Mexican fruit punch
Ponche Navideño, or Mexican Christmas fruit punch, a season's favorite. Mexican Government/SIAP

During the holidays, many Latinos in the U.S. find joy in sharing beloved drinks from their homelands, warming up both body and spirit on cold days.

From coquito to rompope to canelazo, hot beverages, often spiked with spirits, fuel the festive spirit of the Christmas season, which typically begins in the second or third week of December and, for many, continues until Epiphany Day (Día de Reyes), celebrated on January 6th.

Why do Latinos enjoy hot alcoholic drinks?

According to Guillermo Ysusi, a certified Mexican Cicerone, this season people crave something hot, thick, probably sweet, and warming to give them some extra energy and warmth. Add to this the traditional and expansive way in which Latinos celebrate important days and... reasons for saying ¡Salud! multiply.

So, whether you're Latino or not, here are 5 Latino Christmas drinks to warm you up this winter:

Ponche Navideño

Ponche Navideño, a traditional hot fruit punch enjoyed throughout the Christmas season in Mexico, is typically served non-alcoholic but can be spiked with your preferred spirit. This festive beverage graces tables from December 12th (Día de la Virgen de Guadalupe) to January 6th (Día de Reyes).

The traditional ponche made at home or sold in street food stalls in Mexico, is easy to replicate. It mostly needs water, brown sugar (instead of piloncillo unrefined whole sugar cane), cinnamon, tejocotes (Mexican hawthorns. If you can't find them, you can substitute with crabapples or quince), guavas, prunes, apples, pear, raisins (optional), tamarind pods (optional), rum (optional).

As with any recipe from the vast and versatile Mexican cuisine, ponche navideño can include many of the fresh fruits available, even hibiscus flowers, which will give it a nice comforting red shade.


Canelazo Wikimedia Commons/Mangostar

Canelazo is another fruit punch traditionally found in Ecuador but is also famous in Colombia and is served in other countries, such as Venezuela, parts of Peru, and even northern Argentina.

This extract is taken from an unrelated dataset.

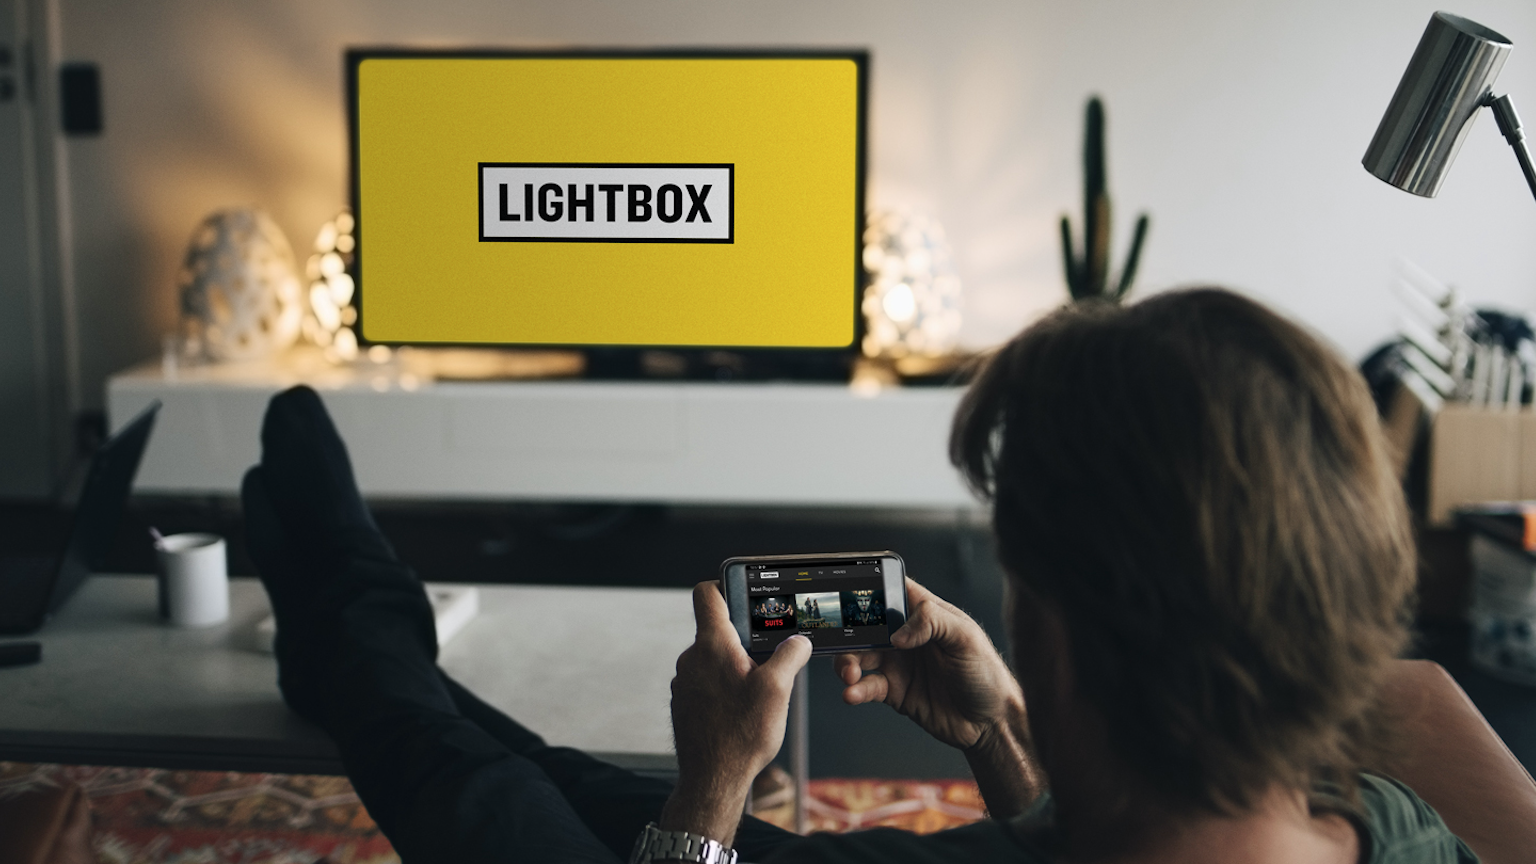 Lightbox.png

As its name indicates, cinnamon is the primary ingredient in canelazo. This Andean beverage varies from region to region, but the basic ingredients include panela or piloncillo (which can be substituted with brown sugar), apple, aniseed, naranjilla (passion fruit can be used as a substitute), and aguardiente (a sugar cane liquor) for an optional kick.


Coquito Navideño
Coquito Navideño Moledo

Coquito, a beloved Puerto Rican beverage mainly drunk during the holidays, is reminiscent of eggnog or Mexican rompope. Tradition dictates that it includes rum, coconut milk, and condensed milk, along with spices like cinnamon, nutmeg, and vanilla extract. Shredded coconut is often used as a garnish.


Home made rompope
Home made rompope Wikimedia Commons/Gabriel Saldaña

Why bother buying a bottle of this traditional Mexican eggnog-inspired beverage when you can make it at home? Mexicans say that rompope was first brewed by nuns in a Central Mexico convent. Today, the market is dominated by two main brands (Coronado, Santa Clara), but you can skip them and make your own delicious version at home. All you need is milk (whole and condensed), egg yolks, sugar, cinnamon, baking soda, cloves, nutmeg, vanilla extract, and an optional aromatic alcoholic beverage, such as rum or brandy, for an extra kick.

Cola de Mono

Cola de Mono
Cola de Mono Wikimedia Commons/B1mbo

While the origin of Cola de Mono's name is uncertain (some people speculate about a former Chilean president's Colt pistol), for millions of people in South America, it is a cherished, flavorful holiday drink. Similar to rompope, coquito, and eggnog, Cola de Mono is made with milk (whole and condensed), sugar, cinnamon, cloves, nutmeg, vanilla, and pisco. Coffee is optional.